The writer really agreed with Mr. Jingyu. He continued the story as follows.

“I think the relation between ‘Heishu’ and ‘Kaishu’ in karatedo is similar to the relation between the square style of writing Chinese letters and the cursive style of writing Chinese letters in the calligraphy, the Way of Writing. ‘Heishu’ is ‘the square style’, while ‘Kaishu’ is ‘the cursive style’. The square style of writing is quiet and calm, while the cursive style of writing is active and dynamic.

Therefore, obviously we can see which one is the fundamentals. It is also clear that we should go forward step by step from the fundamentals.”

Again, I nodded and completely agreed with him. I think all the arts originated from the same roots and have the same Way.

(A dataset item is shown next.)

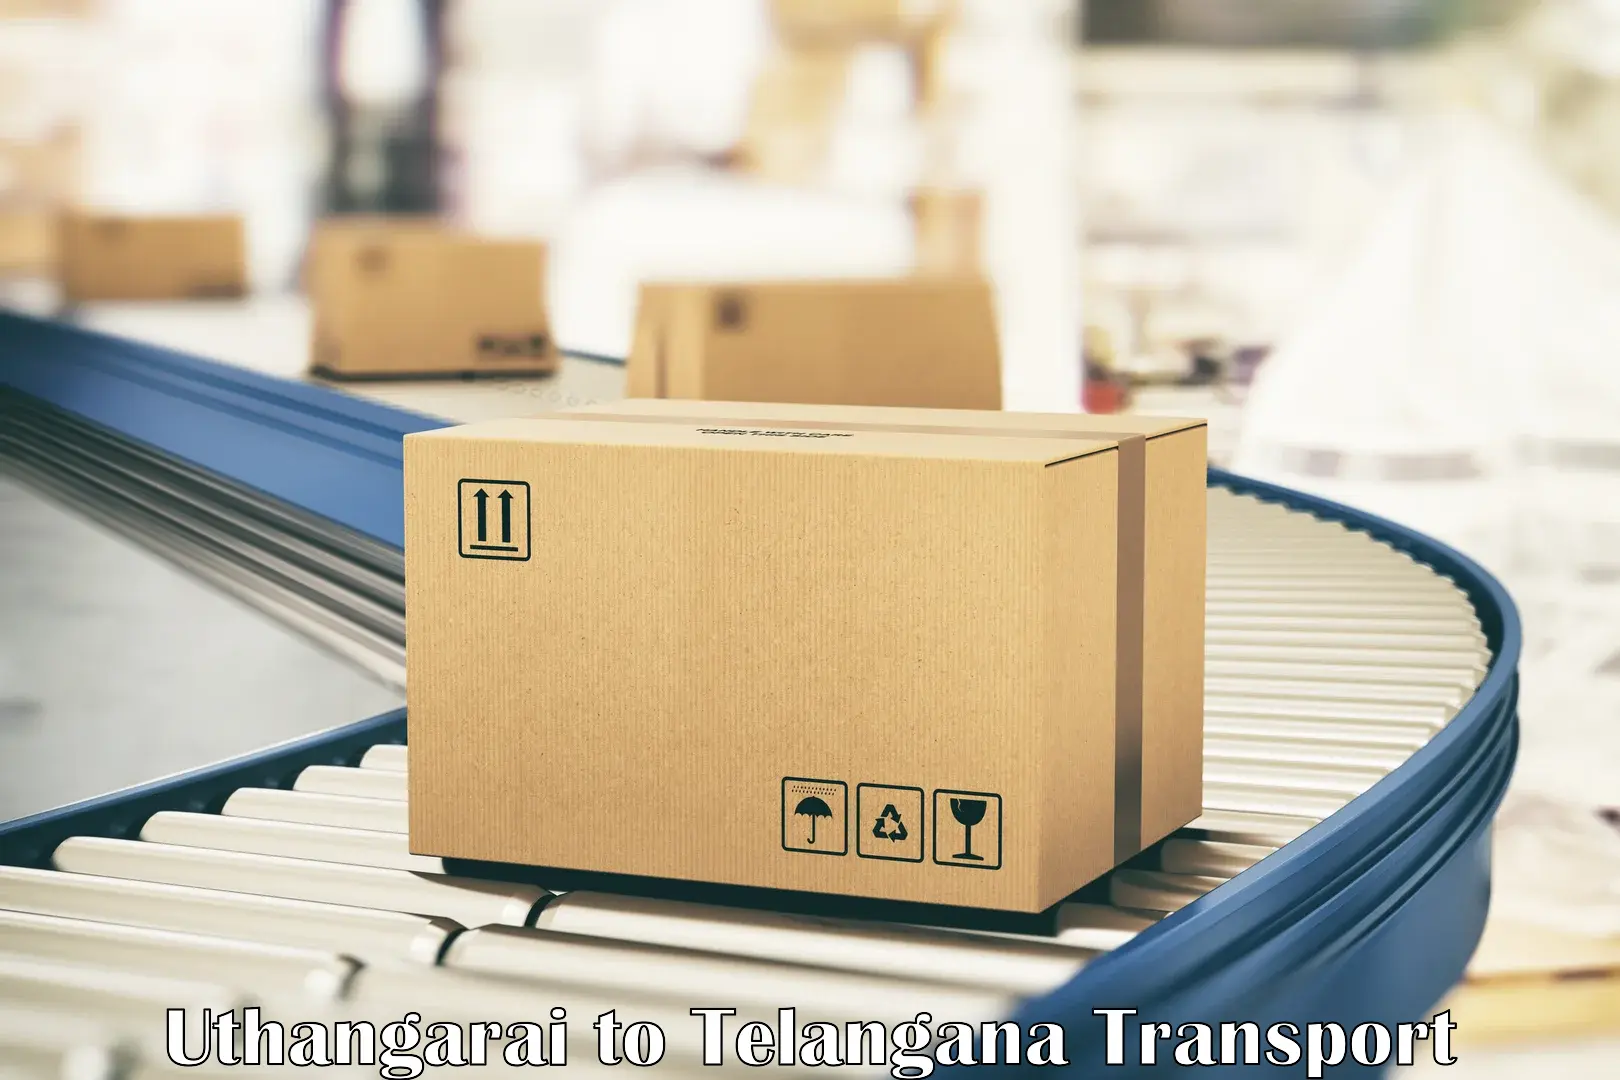 Container transport service Uthangarai to Chegunta

At the end of this essay, I will give you a phrase which is quoted from the famous book “Bubishi” or “Wubeizhi” written by Mao Yuan-yi in the late Ming era, in which he commented on the martial arts by taking examples of calligraphy and horsemanship.

“If you master how to stroke Chinese letters, then I can teach you all the techniques of calligraphy. If you master how to take the saddle, then I can teach you all the techniques of horsemanship.”